March 14, 2016 23:40 EDT

The Democratic presidential candidates could not be more diametrically opposed to each other.

We have all known Hillary Clinton since her husband Bill ran for president in 1992 against George H.W. Bush. After becoming a public figure, she carved out her own political career that saw her go from first lady to elected office, winning the New York seat in the Senate in 2000.

Eight years later, Clinton announced her candidacy for the 2008 presidential campaign, but was defeated in the Democratic primaries by then-Illinois Senator Barack Obama. The latter appointed her secretary of state, a position she held from 2009 to 2013 in one of the most critical periods of history.

Clinton is widely thought of as the pragmatic candidate for the Democratic Party whose hawkish posture on certain topics draws her closer to some in the Republican Party. She supported the invasion of Afghanistan and Iraq, and actively endorsed the NATO-led intervention in Libya in 2011.

Many of her critics disparagingly argue that she has always been part of the establishment. Of course, she has. At the beginning, she was clearly facilitated by President Bill Clinton’s role and capitalized on his office as a springboard for her own political career. But Hillary succeeded thanks to her own capabilities—President Obama once called her “wicked smart”—reinventing herself from time to time.

Think about her support for the crime bill of 1994, which led to prison overcrowding and disproportionately affected African Americans, who face the highest rate of incarceration in the US. Now, she positions herself as a champion for black rights and obtained the endorsement of many black associations. Or consider her lobbying hard in favor of her husband’s 1996 welfare reform that gutted social services and had millions of people plunged into poverty, especially women and children. Now, she is an advocate of women and children’s rights.

A Step to the Left

Vermont Senator Bernie Sanders made his way through the US political system as an independent, until turning to the Democratic Party in 2015. At the beginning of his political career, he was elected mayor of Burlington, Vermont’s most populous city, three consecutive times. After that, he was elected to the House of Representatives in 1991, where he served for 16 years, followed by election to the Senate in 2006.

During his career, Sanders has stood out to be a strong advocate of social democratic policies like income inequality, LGBT rights, racial discrimination and bank accountability.
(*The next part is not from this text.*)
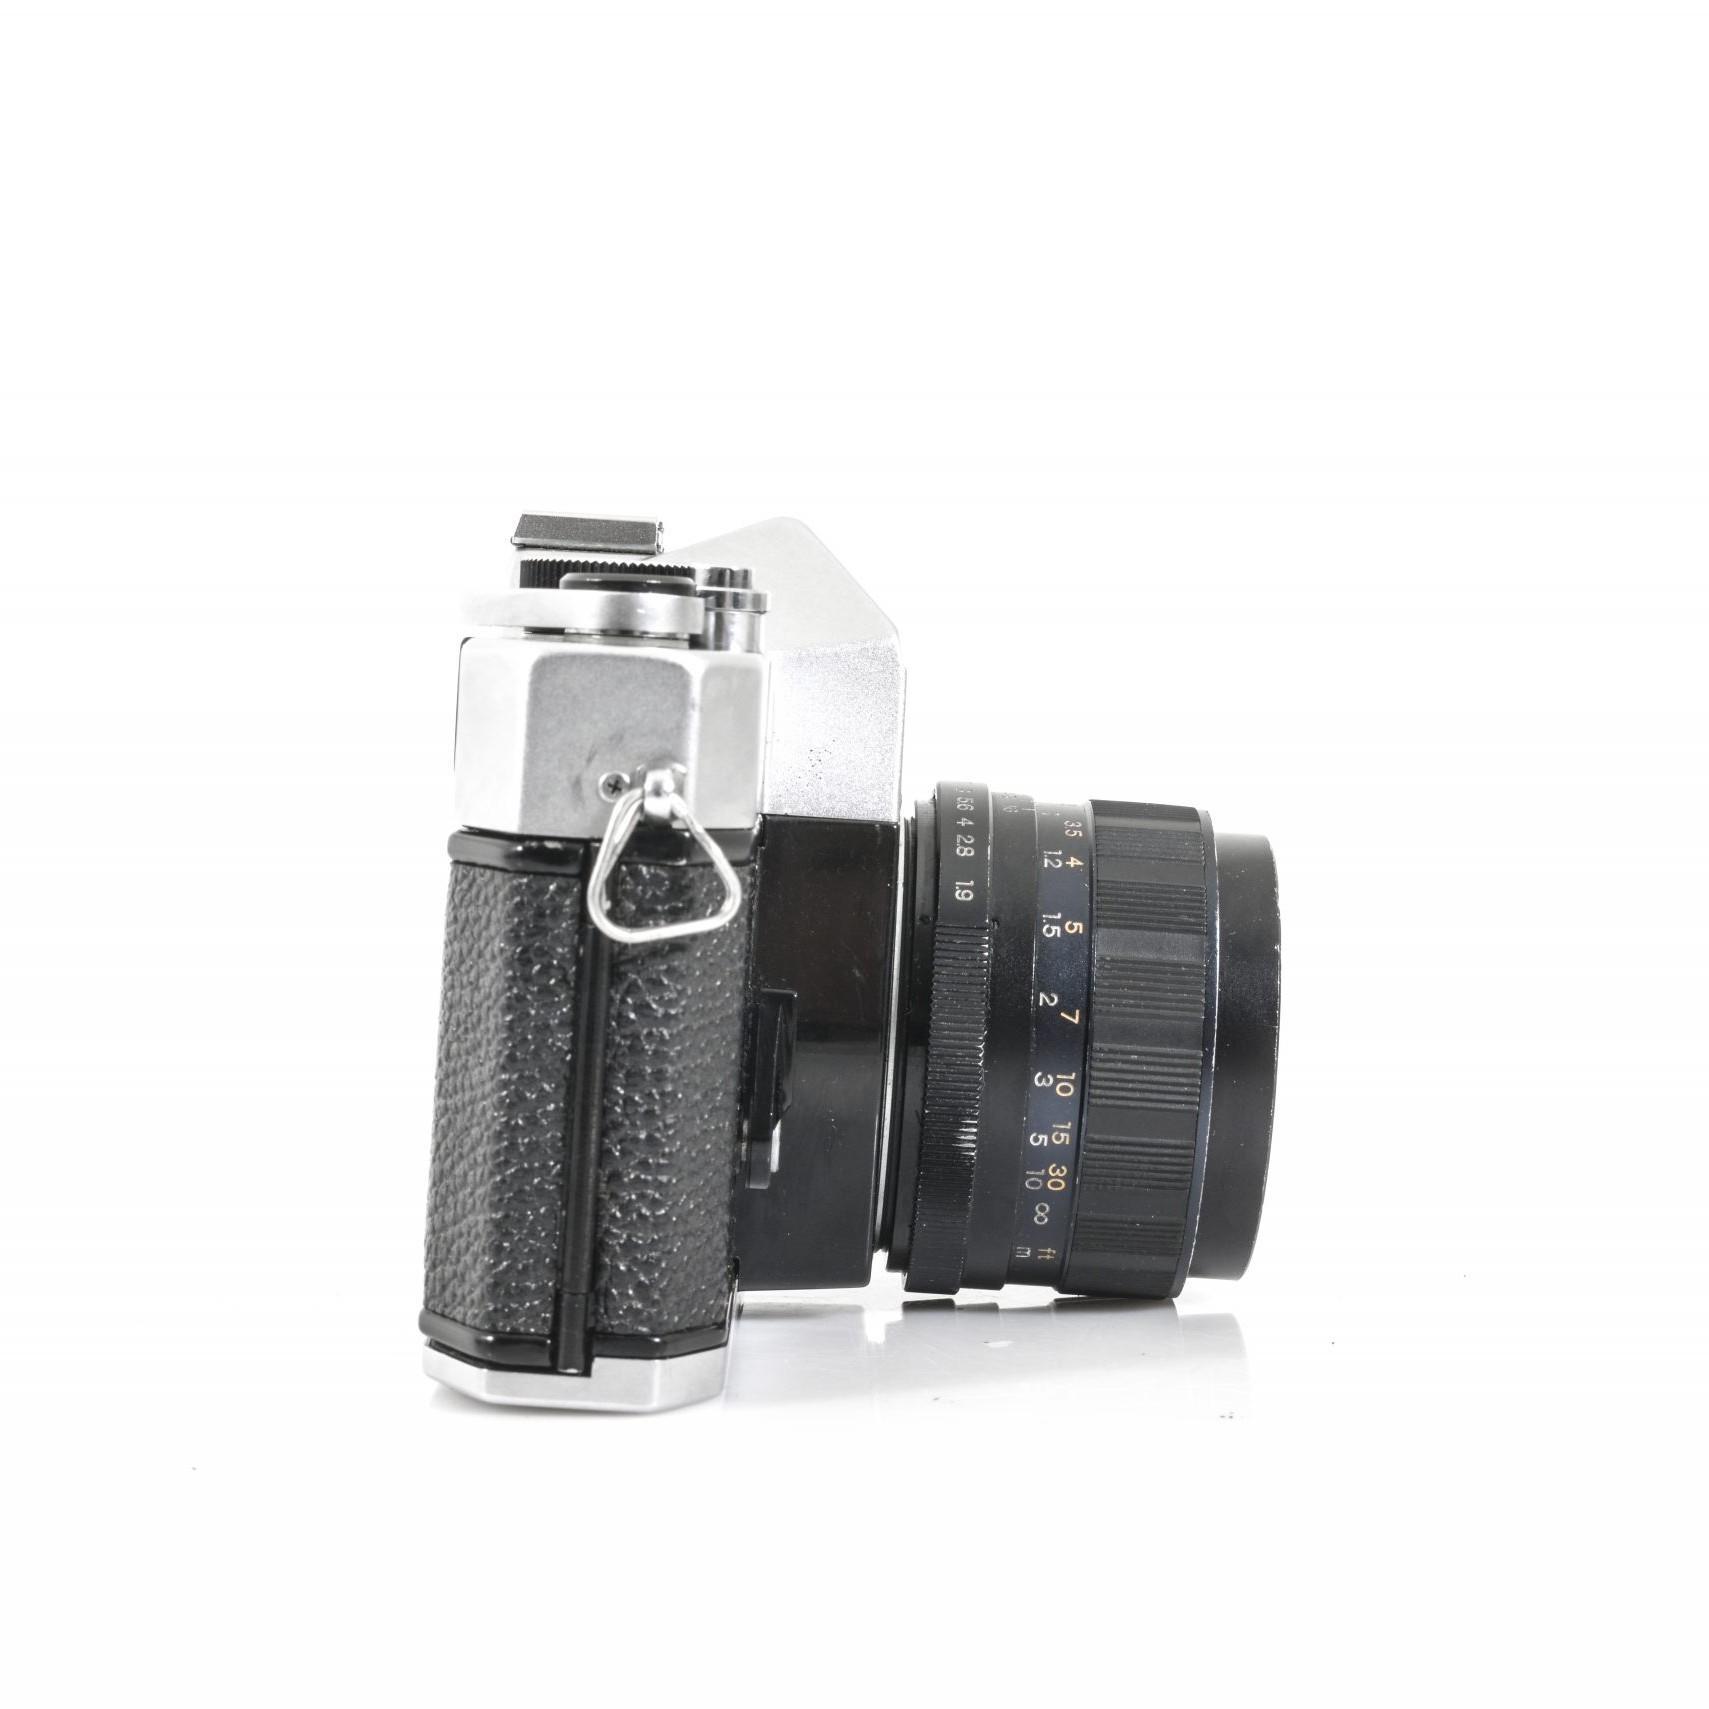 Yashica TL-ELECTRO 35mm SLR Film Camera + Yashinon-DS 50mm F1.9 Lens Lomo

He was also an outspoken opponent of US wars in Iraq and voted against the use of force in that country in both 1991 and 2003.

Bernie Sanders

Bernie Sanders © Shutterstock

Sanders has brought a breath of fresh air to the US presidential primaries. He is positioning himself as the anti-establishment candidate that Clinton represents. He threw down the gauntlet against the foreign policy bipartisan consensus. By the same token, he is refocusing US foreign policy into a domestic issue. More than once, Sanders has advocated cutting down on defense spending in order to divert money to the public sector. His politics has always been driven by interest in economic inequality and wealth redistribution, as well as corporations and Wall Street’s stranglehold on politics in the United States. To Sanders, foreign policy is mostly a second thought.
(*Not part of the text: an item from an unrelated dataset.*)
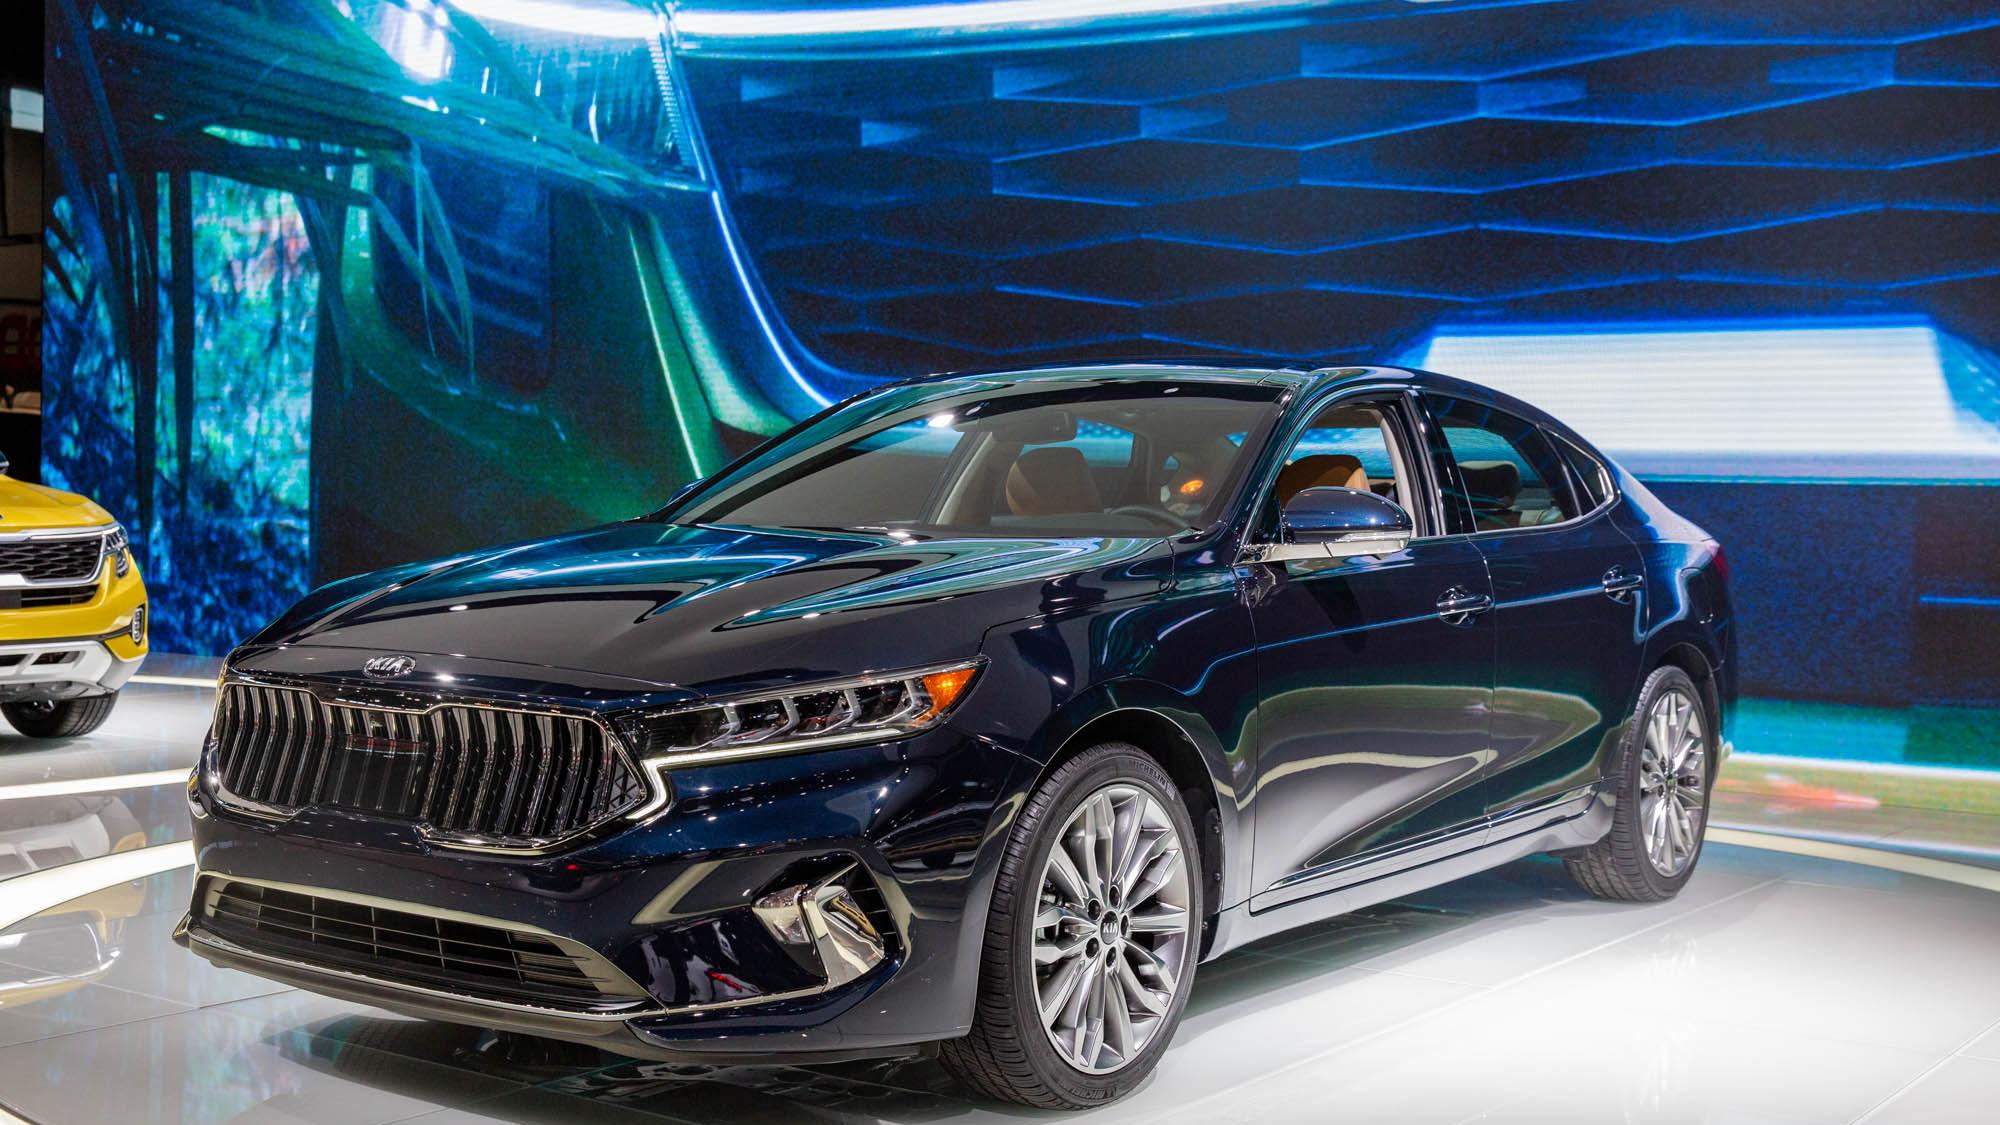 2020 Kia Cadenza, 2020 Chicago Auto Show

However, the claims that Sanders espouses a socialist foreign policy are not supported by facts. For instance, even though he spoke out against deploying American troops on the ground in Iraq and arming Syrian rebels, Sanders supports the US bombing campaign against the Islamic State (IS). Even so, he is depicted by mainstream as pacifist and isolationist. If opposing regime change is enough to be called isolationist, then Sanders is one.

He can also be seen as an isolationist if this means insisting that America stops being the world’s policeman. Yet it is worth pointing out that Sanders, back in the 1990s, voted for a resolution supporting the air campaign in former Yugoslavia. Sanders actively supported the bombing of Afghanistan in 2001 and the Obama administration’s drone strikes policy. Bernie “the socialist” has not veered far from the Democratic mainstream during his tenure, displaying a deep streak of realism.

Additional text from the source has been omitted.